Choose the experimental features you want to try

This document is an excerpt from the EUR-Lex website

Document 32018R1003

    Uitvoeringsverordening (EU) 2018/1003 van de Commissie van 16 juli 2018 tot wijziging van Uitvoeringsverordening (EU) 2017/1152 om de correlatieprocedure te verduidelijken en te vereenvoudigen en haar aan te passen aan wijzigingen in Verordening (EU) 2017/1151 (Voor de EER relevante tekst.)

    C/2018/4351

    PB L 180 van 17.7.2018, p. 16–21 (BG, ES, CS, DA, DE, ET, EL, EN, FR, HR, IT, LV, LT, HU, MT, NL, PL, PT, RO, SK, SL, FI, SV)

    Legal status of the document In force

    ELI: http://data.europa.eu/eli/reg_impl/2018/1003/oj

    17.7.2018   

    NL

    Publicatieblad van de Europese Unie

    L 180/16


    UITVOERINGSVERORDENING (EU) 2018/1003 VAN DE COMMISSIE

    van 16 juli 2018

    tot wijziging van Uitvoeringsverordening (EU) 2017/1152 om de correlatieprocedure te verduidelijken en te vereenvoudigen en haar aan te passen aan wijzigingen in Verordening (EU) 2017/1151

    (Voor de EER relevante tekst)

    DE EUROPESE COMMISSIE,

    Gezien het Verdrag betreffende de werking van de Europese Unie,

    Gezien Verordening (EU) nr. 510/2011 van het Europees Parlement en de Raad van 11 mei 2011 tot vaststelling van emissienormen voor nieuwe lichte bedrijfsvoertuigen in het kader van de geïntegreerde benadering van de Unie om de CO2-emissies van lichte voertuigen te beperken (1), en met name artikel 13, lid 6, derde alinea,

    Overwegende hetgeen volgt:

    (1)

    Uit de ervaring die is opgedaan met de toepassing van de Verordening (EU) 2017/1151 van de Commissie (2) en Uitvoeringsverordening (EU) 2017/1152 van de Commissie (3), is gebleken dat bepaalde elementen van laatstgenoemde verordening moeten worden gewijzigd.

    (2)

    De bestaande methode voor het bepalen van de eindpunten van de interpolatielijn die gebruikt wordt voor de berekening van de NEDC-CO2-emissiewaarde van een individueel voertuig, moet worden aangevuld.

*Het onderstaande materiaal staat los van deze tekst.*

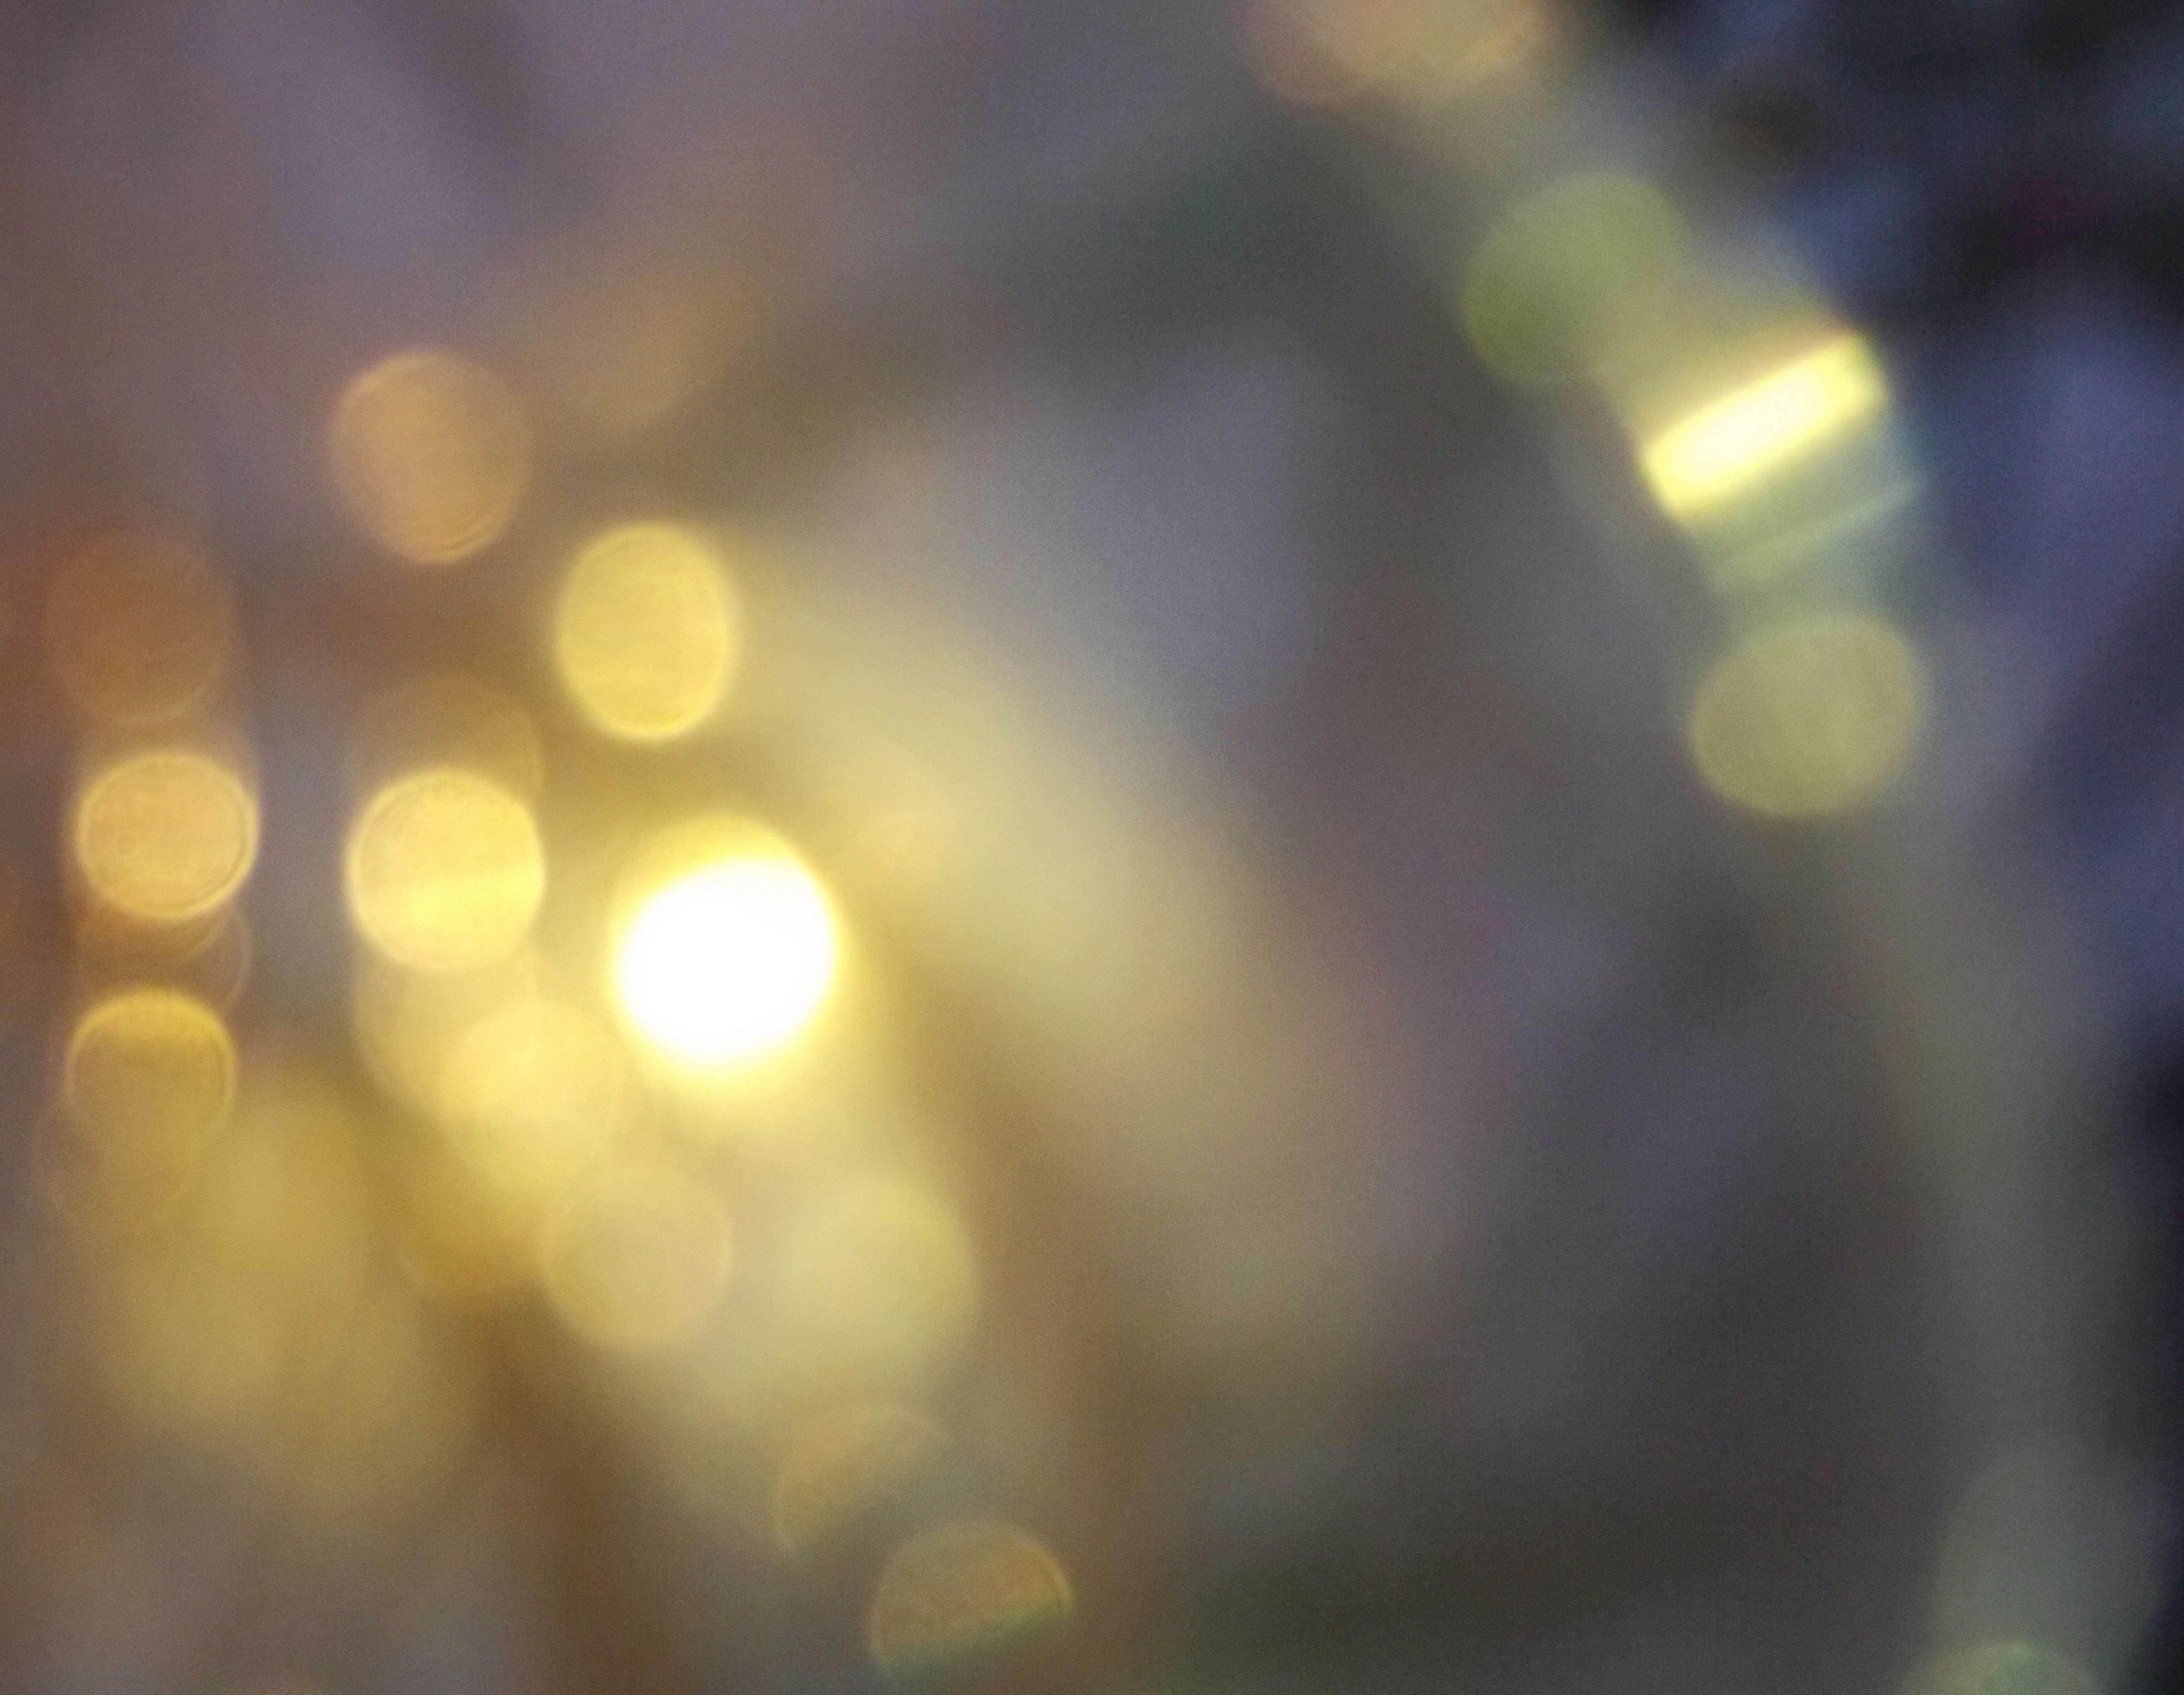 Free stock photo of blur, blurred, garden lights

Die eindpunten, die worden gerepresenteerd door een testvoertuig met de hoogste CO2-emissiewaarden en een testvoertuig met de laagste waarden, moeten zodanig worden gedefinieerd dat het verschil tussen de twee testvoertuigen „hoog” en „laag” ten minste 5 g CO2/km bedraagt.

    (3)

    Om te voorkomen dat de CO2-emissiewaarden van individuele voertuigen worden bepaald op basis van interpolatielijnen waarbij het minimale verschil niet wordt gerespecteerd, is het passend dat deze wijziging onverwijld in werking treedt.

    (4)

    De berekening van de NEDC-CO2-emissiewaarde van een individueel voertuig dat tot een wegbelastingmatrixfamilie behoort, ingeval gebruik wordt gemaakt van een dergelijke familie met het oog op typegoedkeuring krachtens Verordening (EU) 2017/1151, moet worden vereenvoudigd door te bepalen dat de voor die berekening te gebruiken wegbelastingcoëfficiënten worden afgeleid van de krachtens Verordening (EU) 2017/1151 bepaalde wegbelastingcoëfficiënten van het individuele voertuig.

    (5)

    Voor incomplete N1-voertuigen moet rekening worden gehouden met de wijziging van bijlage XII bij Verordening (EU) 2017/1151 met het oog op de bepaling van de wegbelastingcoëfficiënten die als input voor de correlatietool moeten worden gebruikt.

    (6)

    Om te zorgen voor een robuuste correlatie-output, is het passend het aantal cilinders toe te voegen als inputgegeven voor de correlatietool.

    (7)

    Deze gelegenheid moet ook worden aangegrepen om enkele redactionele fouten in de tekst recht te zetten.

    (8)

    De in deze verordening vervatte maatregelen zijn in overeenstemming met het advies van het Comité klimaatverandering,

    HEEFT DE VOLGENDE VERORDENING VASTGESTELD:

    Artikel 1

    Bijlage I bij Uitvoeringsverordening (EU) 2017/1152 wordt gewijzigd overeenkomstig de bijlage bij deze verordening.

    Artikel 2

    Deze verordening treedt in werking op de zevende dag na die van de bekendmaking ervan in het Publicatieblad van de Europese Unie.

    Deze verordening is verbindend in al haar onderdelen en is rechtstreeks toepasselijk in elke lidstaat.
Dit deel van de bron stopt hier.